Apache Kafka is an awesome way to stream data between applications. It’s often used to connect up components in a distributed system, so it’s especially useful if you’re using microservices. But it does have some rather confusing terminology. So what is the difference between Kafka, Kafka Streams and Kafka Connect? Let’s find out.
Apache Kafka is a set of tools designed for event streaming.
People tend to get pretty excited about Kafka, because it’s fault-tolerant (this means that Kafka will keep running even when some of its components fail), and it can be run at huge scale. 📏⛰
Kafka, Kafka Streams and Kafka Connect are all components in the Kafka project. These three components seem similar, but there are some key things that set them apart.
But first, for all you busy TL;DR types, here’s the executive summary:
Apache Kafka is a back-end application that provides a way to share streams of events between applications.
An application publishes a stream of events or messages to a topic on a Kafka broker. The stream can then be consumed independently by other applications, and messages in the topic can even be replayed if needed.
Kafka Streams is an API for writing client applications that transform data in Apache Kafka. You usually do this by publishing the transformed data onto a new topic. The data processing itself happens within your client application, not on a Kafka broker.

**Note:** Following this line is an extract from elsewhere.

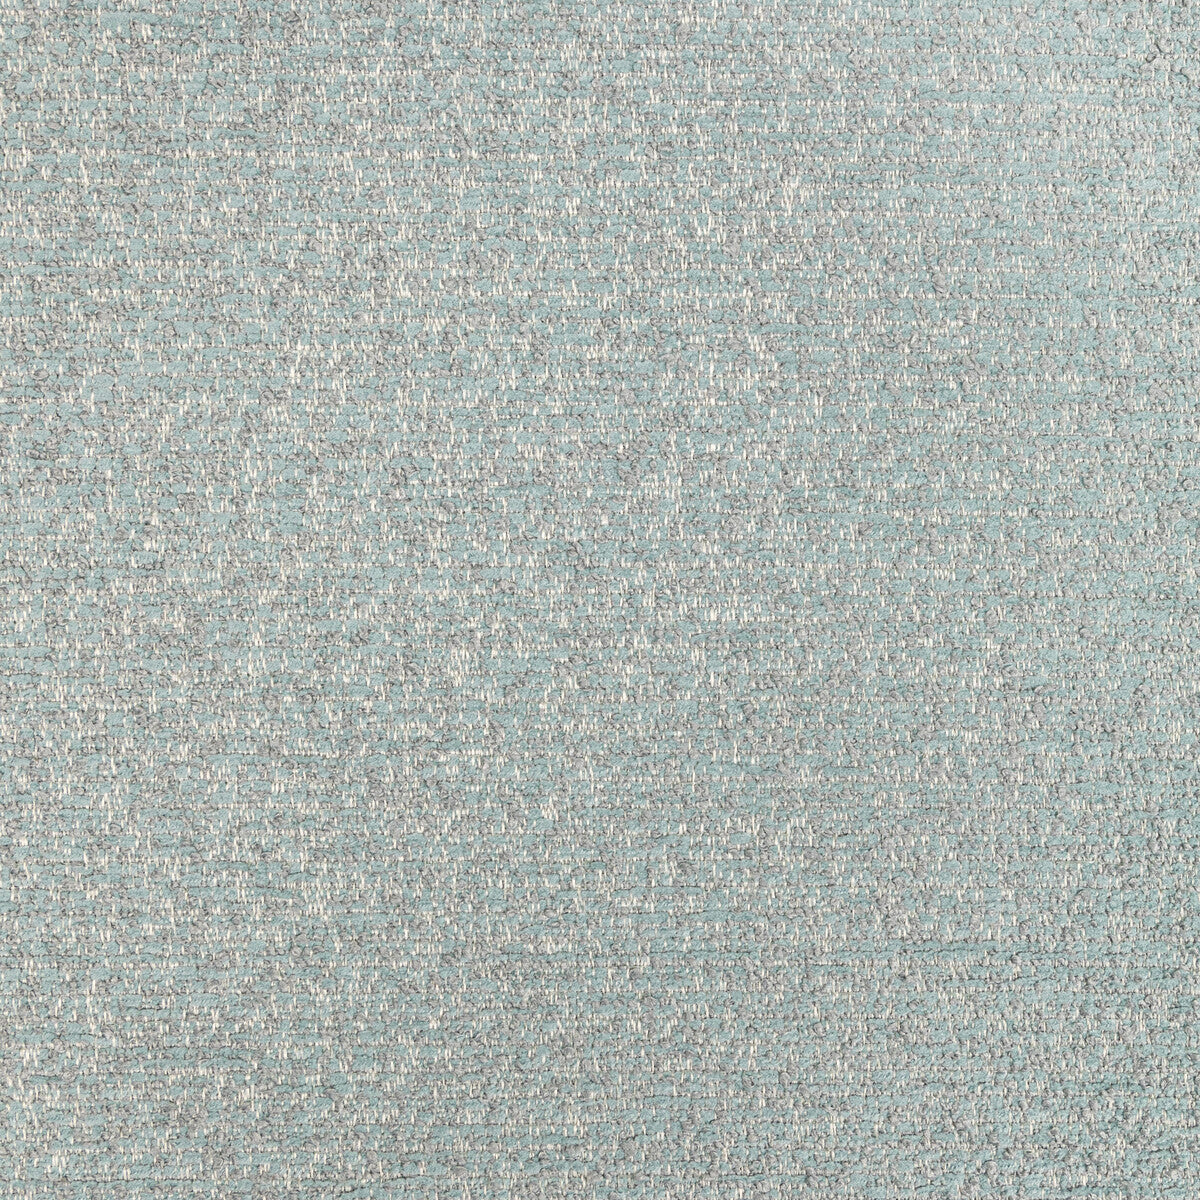 Serenity Now fabric in soothing spa color - pattern 36390.316.0 - by Kravet Design in the Crypton Home - Celliant collection

Kafka Connect is an API for moving data into and out of Kafka. It provides a pluggable way to integrate other applications with Kafka, by letting you use and share connectors to move data to or from popular applications, like databases.
P.S. Want the no-tech beginner’s guide to Kafka? Check out the fantastic Gently Down The Stream, which is an illustrated guide to Kafka by Mitch Seymour.
At first glance, Apache Kafka just seems like a message broker, which can ship a message from a producer to a consumer. But actually Kafka is a lot more than that.
Kafka is primarily a distributed event log. It’s usually run as a cluster of several brokers, which are joined together.
If you’re just getting started with Apache Kafka, you will probably want to learn the basics first. It’s worth investing in a course, as Kafka can become very complicated, very quickly!
This Kafka beginners’ course from Stephane Maarek is well-paced, and explains all of the complex terminology. It contains more than 7 hours of video lectures, sprinkled with examples that help you to understand the technical concepts.
And, most importantly, it includes a real-world project that you can follow, so you can start using Kafka for real.
Now let’s learn a bit more about Apache Kafka.
How does Apache Kafka work?
With Kafka, messages are published onto topics. These topics are like never-ending log files. Producers put their messages onto a topic. Consumers drop in at any time, receive messages from the topic, and can even rewind and replay old messages.
Messages are only deleted from a topic when you want them to be deleted. You can even run a Kafka broker that keeps every message ever (set log retention to “forever”), and Kafka will never delete anything.
One of the best things about Kafka is that it can replicate messages between brokers in the cluster. So consumers can keep receiving messages, even if a broker crashes. Life-changing!
This makes Kafka very capable of handling all sorts of scenarios, from simple point-to-point messaging, to stock price feeds, to processing massive streams of website clicks, and even using Kafka like a database (yes, some people are doing that).
If you’re learning Kafka and you want a Kafka cluster to play around with, try the free “Developer Duck” plan from Cloudkarafka.
Kafka vs traditional message brokers
One of the major things that sets Kafka apart from “traditional” message brokers like RabbitMQ or ActiveMQ, is that a topic in Kafka doesn’t know or care about its consumers. It’s simply a log that consumers can dive into and access data from, at any time.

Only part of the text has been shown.